R. Noi siamo suo popolo, gregge che egli guida.

Acclamate il Signore, voi tutti della terra,
servite il Signore nella gioia,
presentatevi a lui con esultanza.
R. Noi siamo suo popolo, gregge che egli guida.

Riconoscete che solo il Signore è Dio:
egli ci ha fatti e noi siamo suoi,
suo popolo e gregge del suo pascolo.
R. Noi siamo suo popolo, gregge che egli guida.

Buono è il Signore,
il suo amore è per sempre,
la sua fedeltà di generazione in generazione.
R. Noi siamo suo popolo, gregge che egli guida.

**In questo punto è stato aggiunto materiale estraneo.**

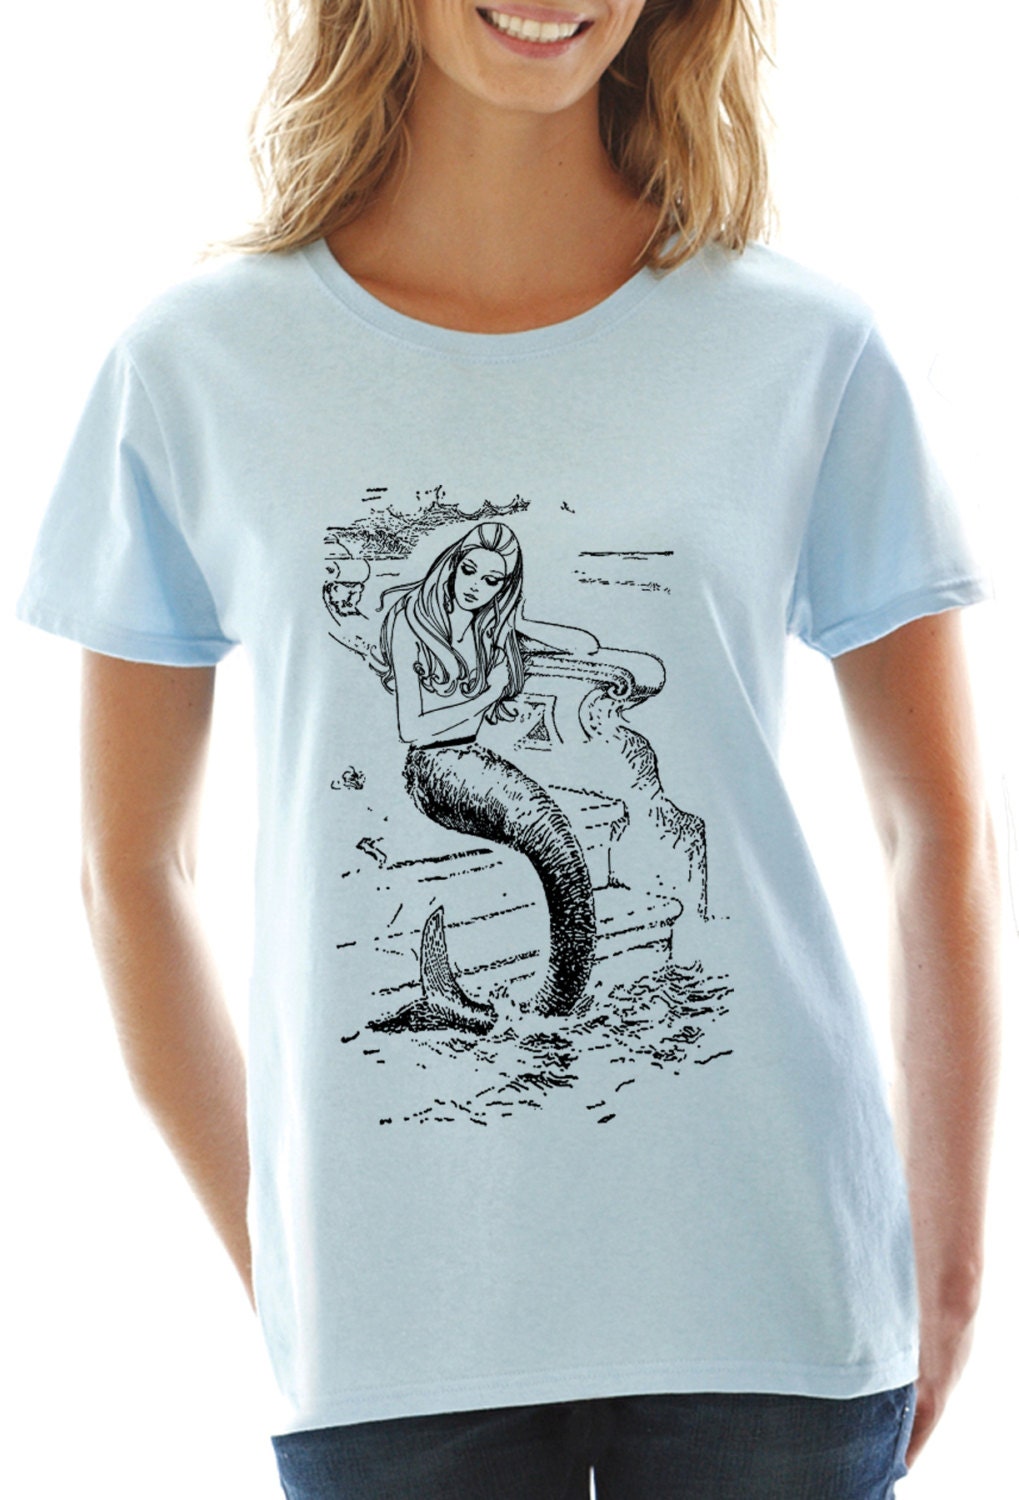 mermaid shirt vintage design MERMAID t-shirt women's

Seconda Lettura: Rm 5,6-11 | Infatti, quando eravamo ancora deboli, nel tempo stabilito Cristo morì per gli empi. Ora, a stento qualcuno è disposto a morire per un giusto; forse qualcuno oserebbe morire per una persona buona. Ma Dio dimostra il suo amore verso di noi nel fatto che, mentre eravamo ancora peccatori, Cristo è morto per noi. A maggior ragione ora, giustificati nel suo sangue, saremo salvati dall'ira per mezzo di lui. Se infatti, quand'eravamo nemici, siamo stati riconciliati con Dio per mezzo della morte del Figlio suo, molto più, ora che siamo riconciliati, saremo salvati mediante la sua vita. Non solo, ma ci gloriamo pure in Dio, per mezzo del Signore nostro Gesù Cristo, grazie al quale ora abbiamo ricevuto la riconciliazione.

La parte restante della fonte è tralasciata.